It seems like for the T420 the .FL1 file is not an UEFI capsule, so the procedure to extract the BIOS part below and write it to flash won't work for all models with UEFI BIOS.

Hardware Requisites

  • Raspberry Pi with a Linux distribution installed, e.g. Raspian
  • Pomona adapter matching the SPI flash IC case, in most cases SO-IC8. Don't use the cheaper, black ones. Their quality is rather poor.
  • some jumper wires (female/female) to connect the adapter with the RaspPi pins. The length depend on the location of the SPI chip on the system board, don't buy the shortest ones. You must be able to place the RaspberryPi beside the system board and connect the Pomona adapter at the flash IC to it.
  • a Linux PC

Software Requisites

  • flashrom tool on the Raspberry Pi
  • UEFITool on the Linux PC
  • wine on the Linux PC
  • the BIOS Update Utility for Windows by Lenovo for the target notebook

Install flashrom on the Raspberry Pi

You may need to install the packages libpci-dev and libusb-dev first.

This shall install flashrom into /usr/local/bin

Get the BIOS binary image from the BIOS Update Utility

  • unpack the Windows BIOS Update package on the Linux PC, e.g. by executing it with wine:

wine gauj19us.exe

Don't let it execute the installed tool (it will fail anyway).

  • You will find the unpacked components under .wine/drive_c/DRIVERS/FLASH/...

Look for a file with the extension .FL1. This is the UEFI encapsule. Rename it into a file with the extension .BIN, e.g. UEFI.BIN.

  • Run the UEFITool and open UEFI.BIN. It shall display it as an UEFI capsule

UEFITool displays .FL1 file as a capsule

  • Look for the component with the UUID F33E... and save its body in another file(press Ctrl+Shift+E), e.g. UEFI_F33E.BIN.

UEFITool F33E... component UEFITool extract F33E... component

  • Open UEFI_F33E.BIN in the UEFITool again. This should be called an Intel Flash Image.

UEFITool opens the F33E part

  • Go to the BIOS part and write down the size of it (displayed in the right region).
  • Extract the BIOS part into another file, e.g. BIOS.BIN (with "Extract as it is, Ctrl-E).

UEFITool extract BIOS.BIN from F33E component

  • Check the length of BIOS.BIN - if it longer than the size noted above, you must truncate it, e.g. with dd.

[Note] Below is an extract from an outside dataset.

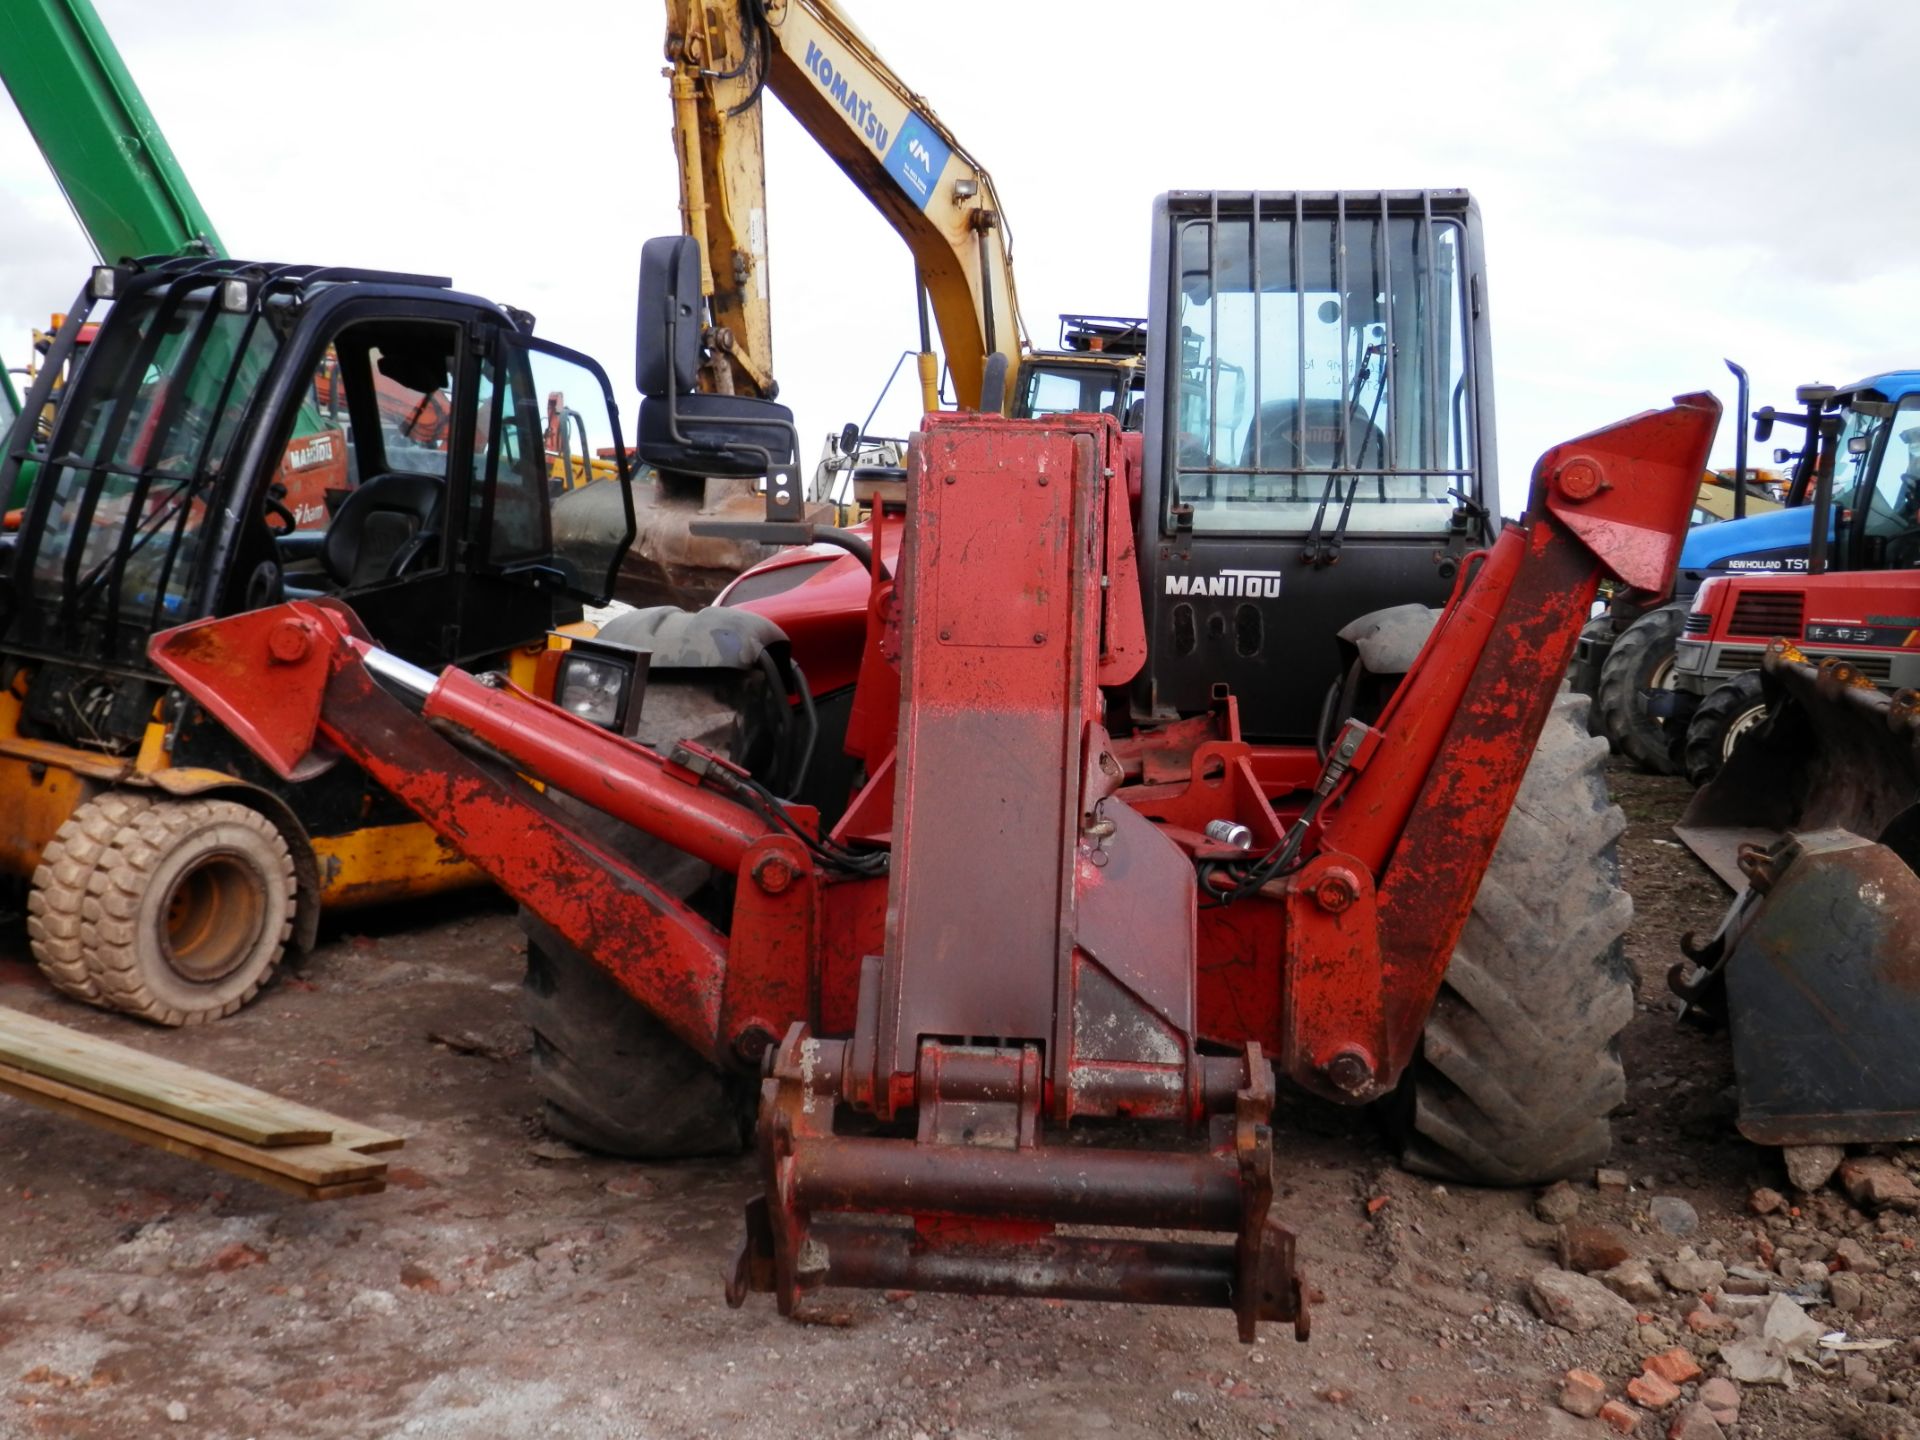 2003 MANITOU MANISCOPIC TELE LIFT WITH FORKS,3.5 TONNE LIFT CAPACITY. - Image 5 of 10

Find the SPI Flash on the Systemboard

Disassemble the Thinkpad according to the Hardware Maintenance Manual (HMM) until you have extracted the system board. Try to locate the SPI flash. My S430 has two of them. The bigger one (8MByte) contains the flash descriptor table and the Intel ME firmware. The smaller one (4MByte) is for the BIOS.

If in doubt look for the schematics of your device on the web or ask in a user forum.

Attach the Raspberry PI to the SPI Flash

Try to find the datasheet of the SPI flash IC in the web to finger out the pins. In case of the S430 it is a Winbond W25Q32BV. You need to connect CS# (Pin 1 for the W25Q32BV, goes to CS0# on the Raspberry Pi), SO (Pin 2, MISO on RaspberryPi), GND (Pin 4), SI (Pin5, MOSI on Raspberry Pi), SCLK (Pin 6) and Vcc (Pin 8, 3.3V on RaspberryPi, connect before RaspberryPi is powered on!).

In case your notebook has two SPI flashs it may be necessary to connect CS# pin of the other flash to 3.3V from the RaspberryPi.

Double-check the connections.

Attach the Pomona Clip to the SPI flash which contains the BIOS and wire it to the SPI pins of the RaspberryPi. Connect Vcc (3.3V !) of the SPI flash as well, the Raspberry will power the IC during the session.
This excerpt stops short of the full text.